Overfit#1: Denoising Diffusion Probabilistic Models - Basics of Diffusion models

Image illustrative

A deep dive into DDPMs.

Motivation - The generation trilemma

Diffusion models are image generation deep learning models, able to generate highly-realistic images, usually from a text instruction. To put it briefly, they are to image generation what Large Language Models (LLMs) are to text generation.

Diffusion models took the world by storm in 2022. Since the release of open-source models (Stable Diffusion) and playgrounds (DALL-E from OpenAI, Midjourney), they have established themselves as the go-to solution to generate images.
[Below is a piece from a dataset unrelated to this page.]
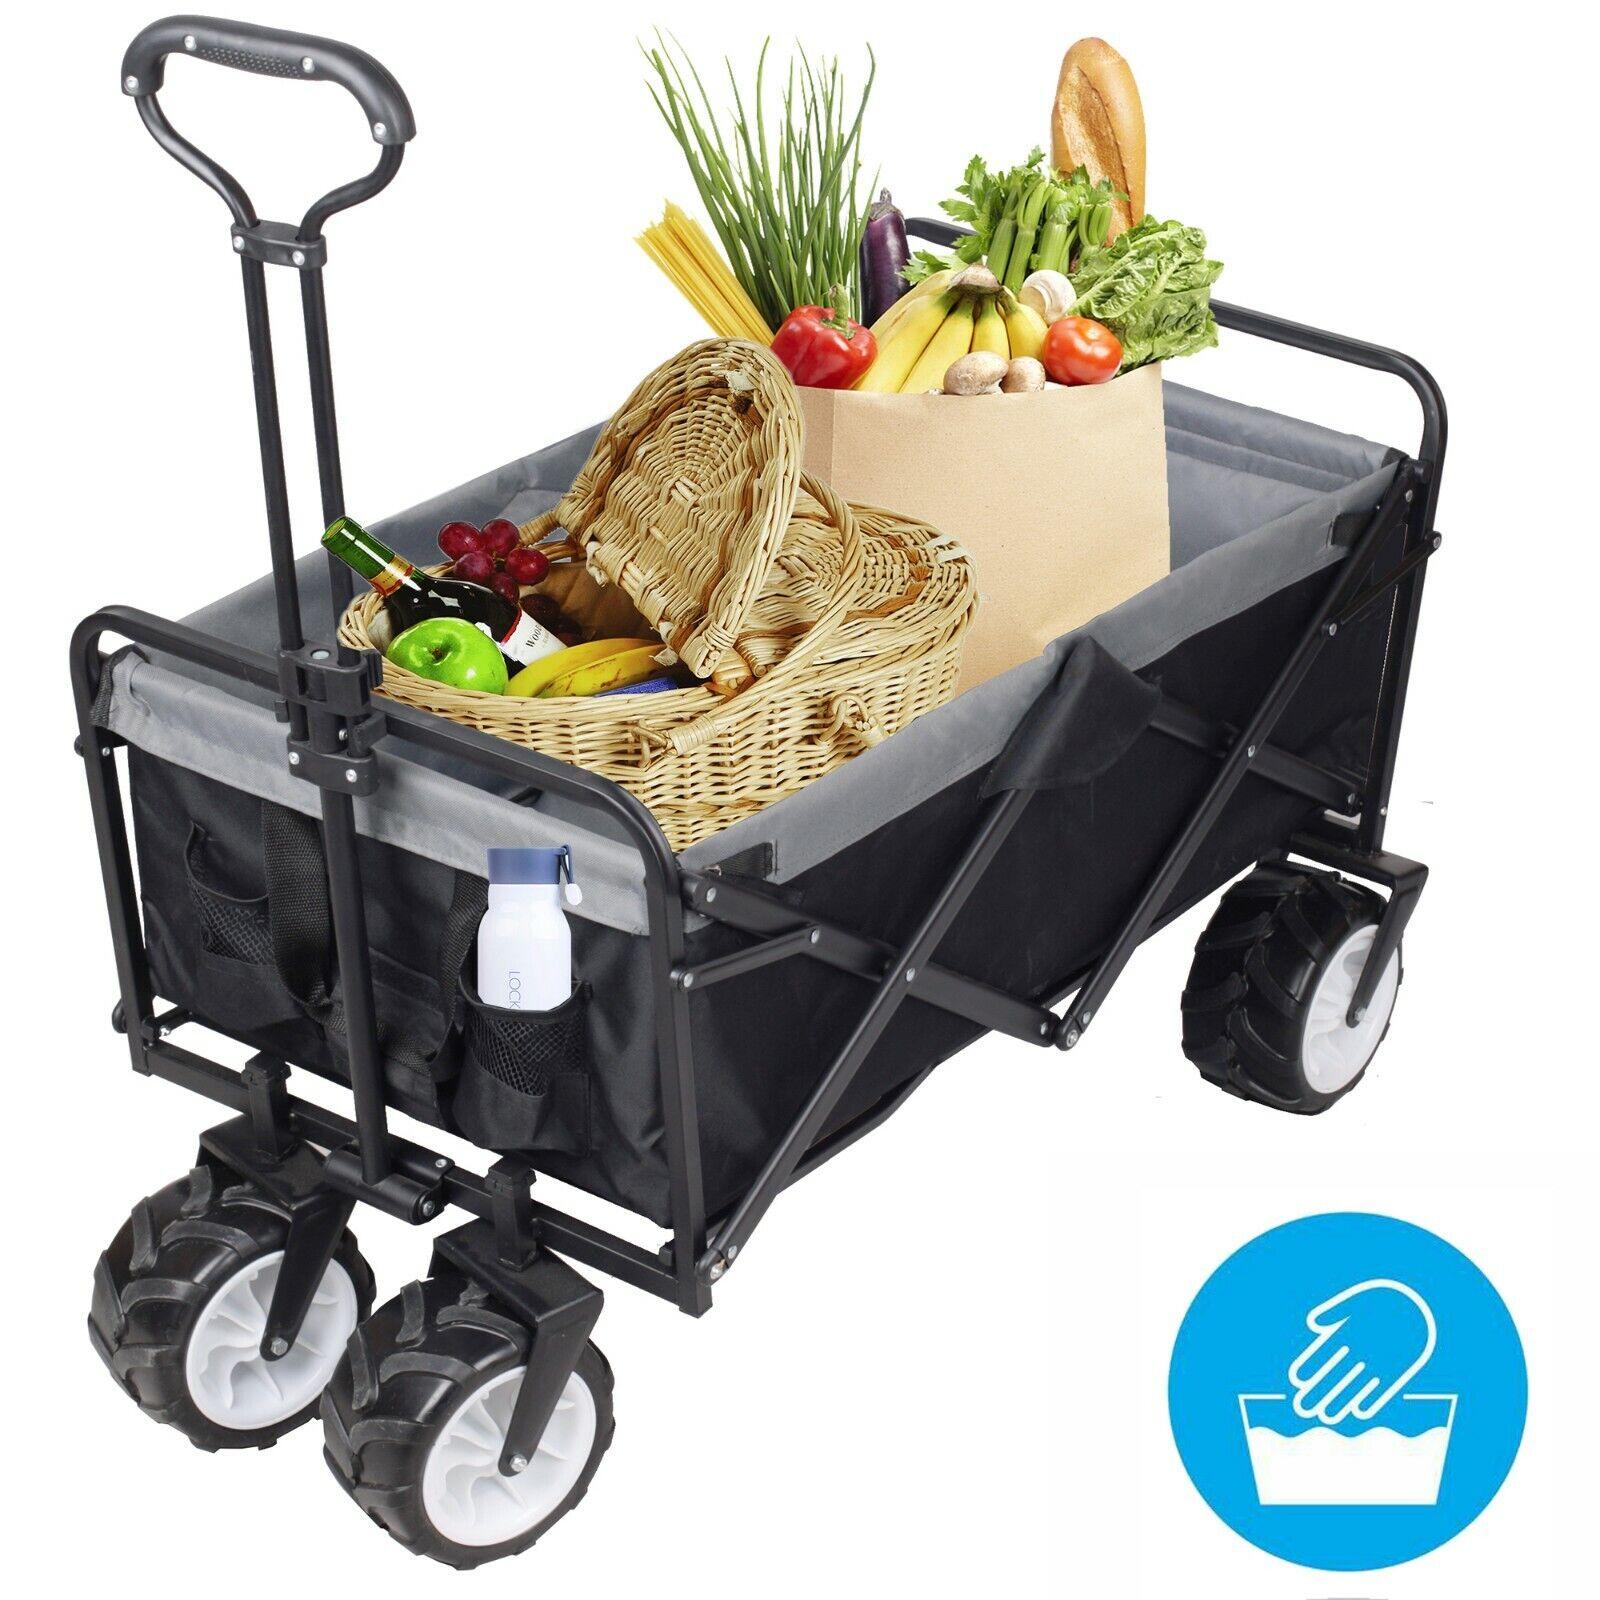 Faltbarer Bollerwagen Handwagen Offroad Strandwagen Transportwagen Gartenwagen

When it comes to image generation, one expects three essential characteristics from a generative model:

High-quality outputs: the model should produce realistic images with a high level of detail.
Diversity (or Mode Coverage): the model should generate a variety of images, not solely a few hyper-realistic ones.
Fast sampling (inference): we desire the generation process to be rapid and, of course, resource-efficient.
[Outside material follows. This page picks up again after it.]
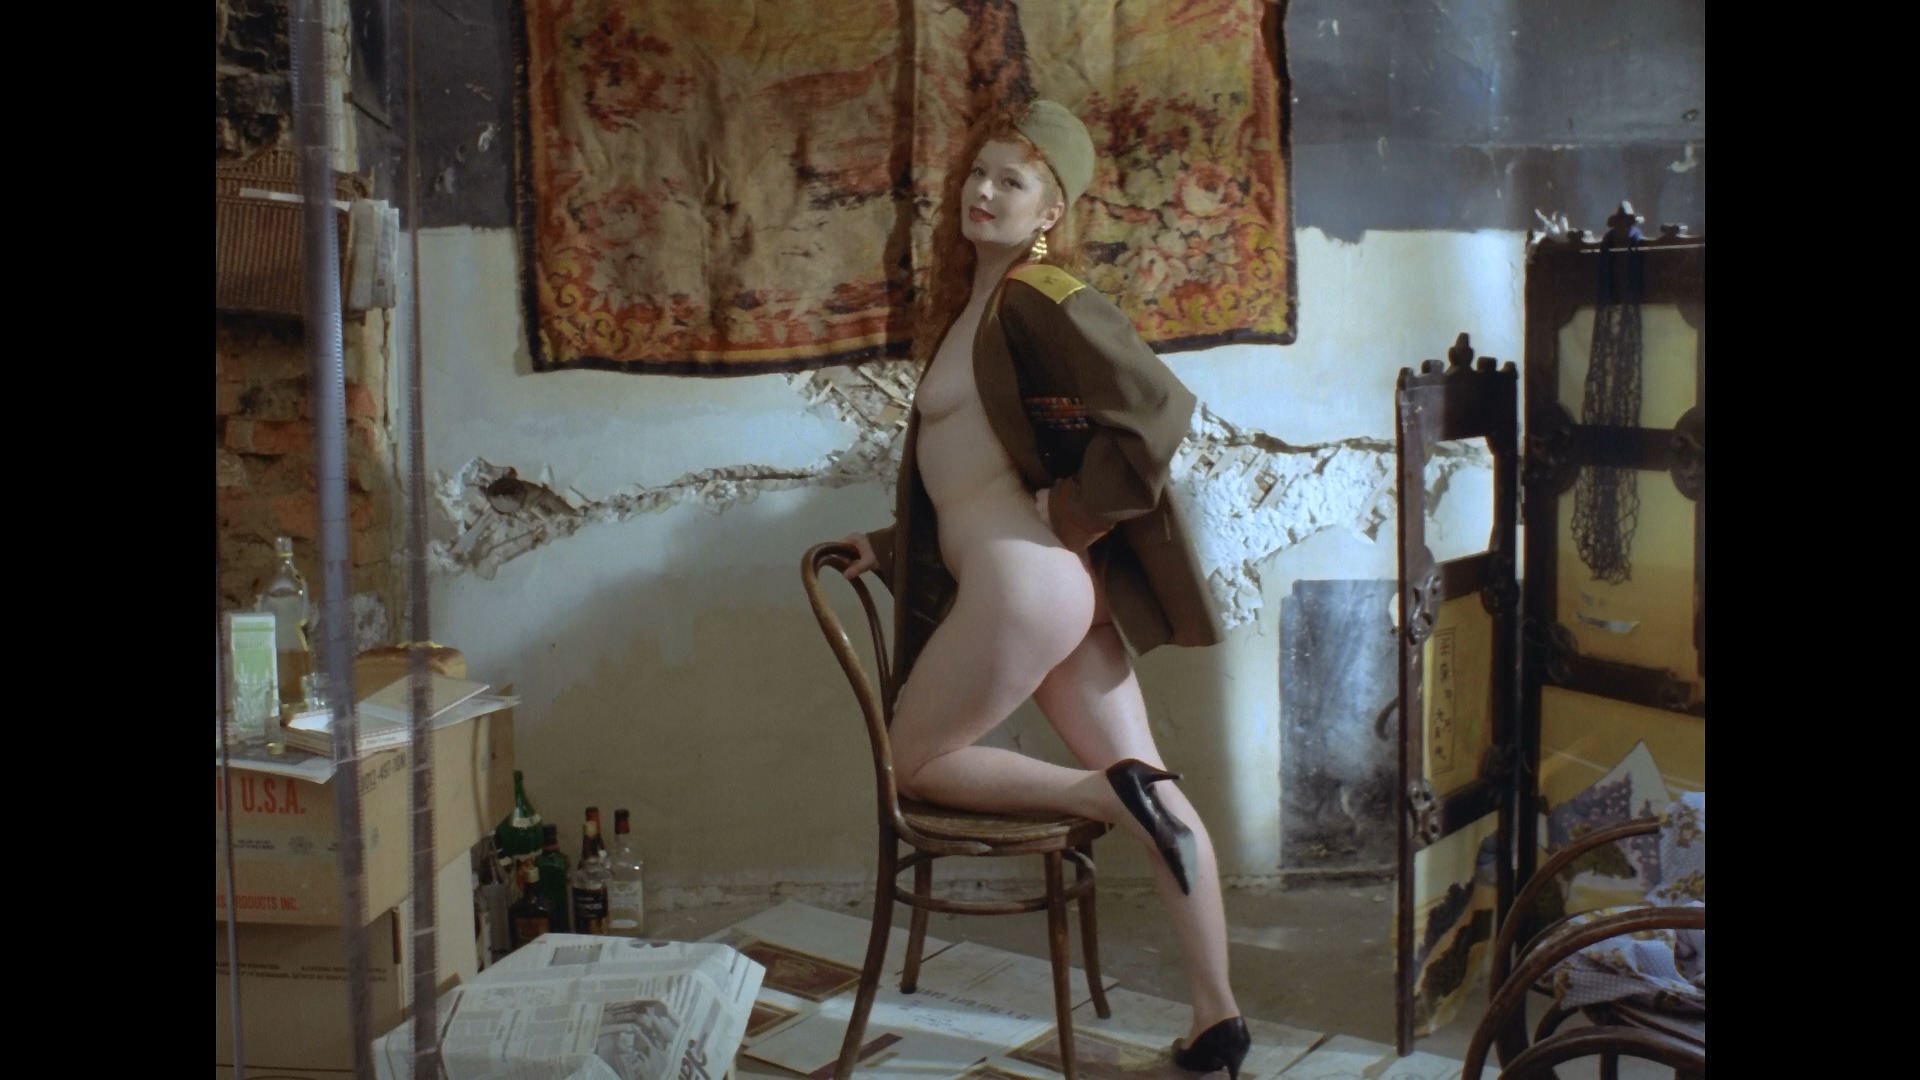 Театральные эротические постановки смотреть онлайн 20 фотография

Back in 2020, most methods struggled to effectively address these three challenges simultaneously:

VAEs: offered cost-effective inference and diverse samples but often resulted in low-quality output.
GANs: provided efficient inference and high-quality samples but proved challenging to train due to the dual-model architecture (discriminator VS generator), making them susceptible to mode collapse during training (where the model consistently generates the same few images).

In the following sections, I will walk you through Denoising Diffusion Probabilistic Models (DDPM) from Ho & al. (2020), which is the technological advancement responsible for the image generation revolution. As we will see, DDPMs allow for diverse and high-quality sample generation, but at the cost of increased inference time (mitigated later as we will see in future posts!).

The 3+1 key concepts

Inverting the diffusion process
The simplified loss (level 1)
The modified UNet architecture

I could add a 4th point for the proof of the loss. It is pretty math-intense, so I keep it as an extra milestone for curious readers in Loss (level 2).

Ready? Let's begin!

Diffusion

Diffusion Models generate images by iterative refinement. They slowly add random gaussian noise to an image, then learn to remove the noise to recover the image. Doing so, we get a model capable of generating images from random noise in multiple steps.

Forward diffusion process

During the forward diffusion process, we add some gaussian noise to the image, iteratively. The image thus becomes more and more noisy. After hundreds or thousands of steps, the resulting image is pure noise, all information being lost through diffusion.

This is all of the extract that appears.